On 21.06.2007 16:12, Rob Biedenharn wrote:
> On Jun 21, 2007, at 9:47 AM, Stephen Ball wrote:
> 
>> On 6/20/07, Daniel DeLorme <dan-ml / dan42.com> wrote:
>>> That doesn't really explain why the regexp finds an extra empty string.
>>> I know that zero occurrences is one match but after a greedy match that
>>> matches everything, there should be (logically?) no other match. I am no
>>> stranger to regexps and the result is counter-intuitive to me; I would
>>> consider it a bug. Or at least a very very peculiar behavior.
>>>
>>> Daniel
>>
>> It's because the pattern /.*/ matches everything, including the
>> absence of everything. Yes, with the proper regexs you can indeed have
>> tea and no tea at the same time.
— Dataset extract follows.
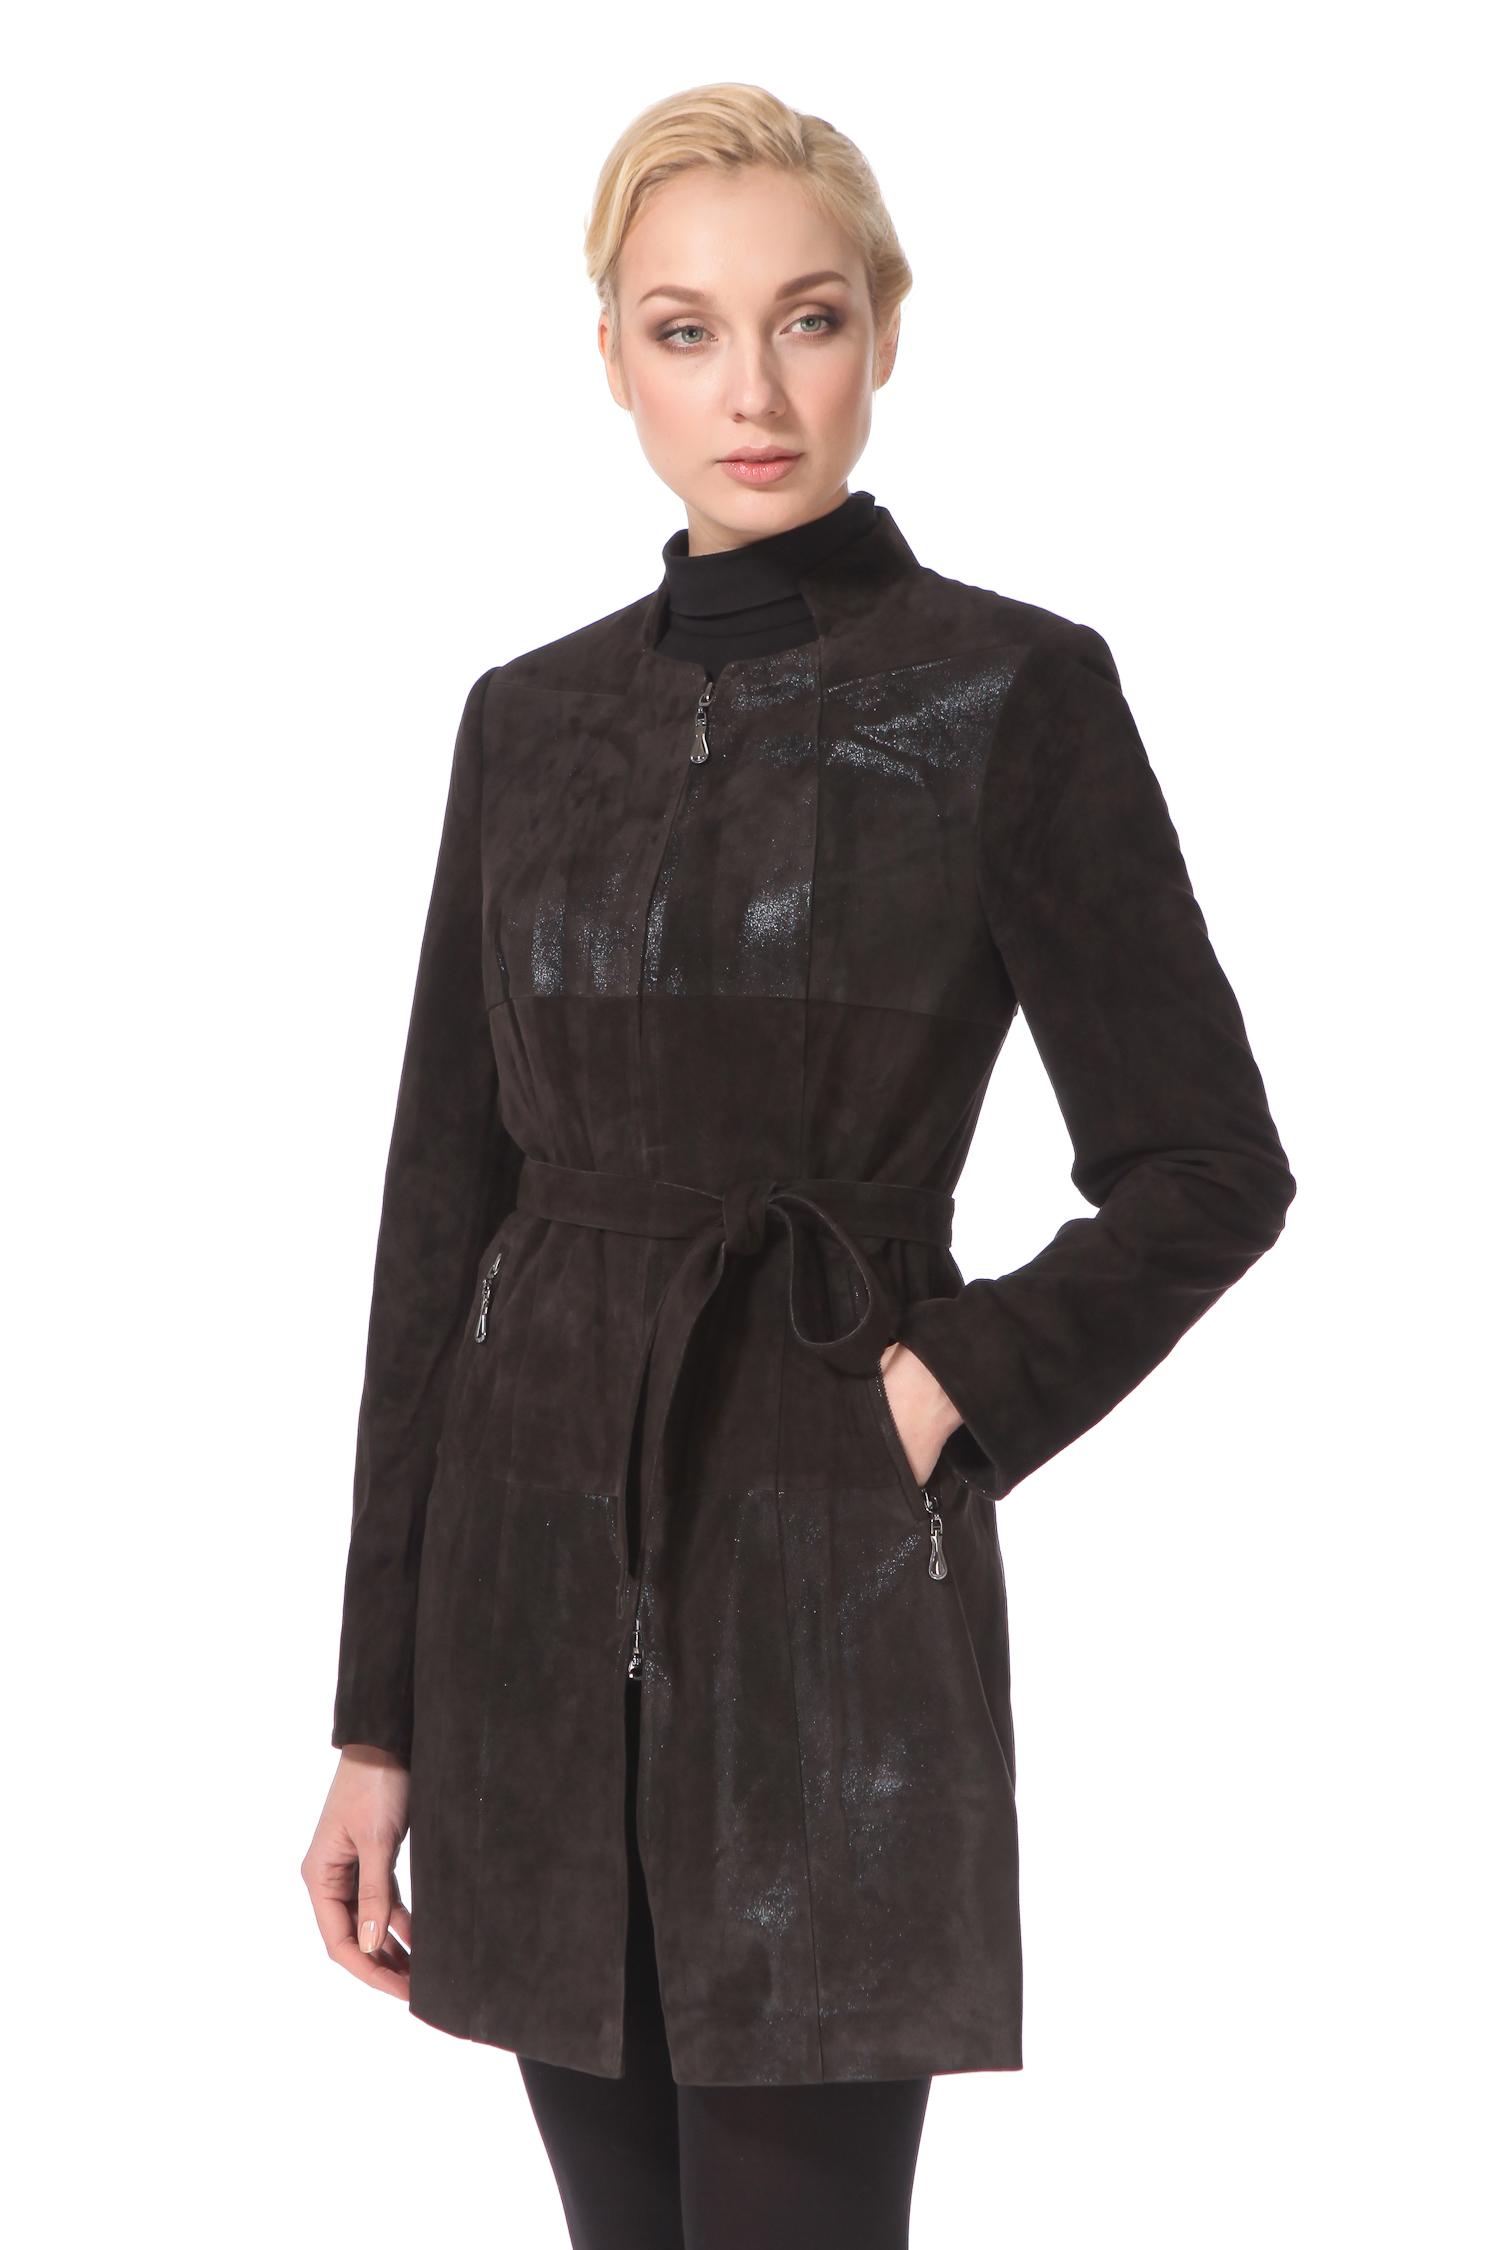 Женское кожаное пальто из натуральной замши (с накатом) с воротником, без отделки<br><br>Воротник: стойка<br>Длина см: Средняя (75-89 )<br>Материал: Замша<br>Цвет: коричневый<br>Пол: Женский<br>Размер RU: 50

Certainly peculiar, but occasionally
>> useful.
>> ...
>> -- Stephen
> 
> That still doesn't really explain why "hello".scan(/.*/) => ["hello", ""]
> 
> Why wouldn't it be ["hello", "", "", "", "", "", "", "", "", "", "", "", 
> ... ] since I (or rather the OP) could continue to match zero characters 
> (bytes) at the end of the string forever?  It does seem that it might be 
> that a termination condition is checked a bit later than it should be in 
> this case.

As far as I remember it works like this: first .* matches the whole 
sequence.  Then the "cursor" is placed behind the match, i.e. after the 
last char of the match and matching starts again.  At this place the 
empty sequence matches because we're at the end of the match.  After 
that match the cursor is advanced one step (to avoid endless 
repetitions) and - alas! - we're at the end of the string and matching 
stops.

For learning regular expressions this is a great program: it allows to 
graphically step through the matching process:
http://weitz.de/regex-coach/

See also this thread: 
http://groups.google.de/group/comp.lang.ruby/browse_frm/thread/9bf7989dd42374f7/f759612390ff905f?lnk=st&q=&rnum=10#f759612390ff905f

Btw, for replacing the whole string this is much better:

irb(main):001:0> s = "foo"
=> "foo"
irb(main):002:0> s.object_id
=> 1073540760
irb(main):003:0> s.replace "bar"
=> "bar"
irb(main):004:0> s.object_id
=> 1073540760
irb(main):005:0> s
=> "bar"
irb(main):006:0>

Kind regards

	robert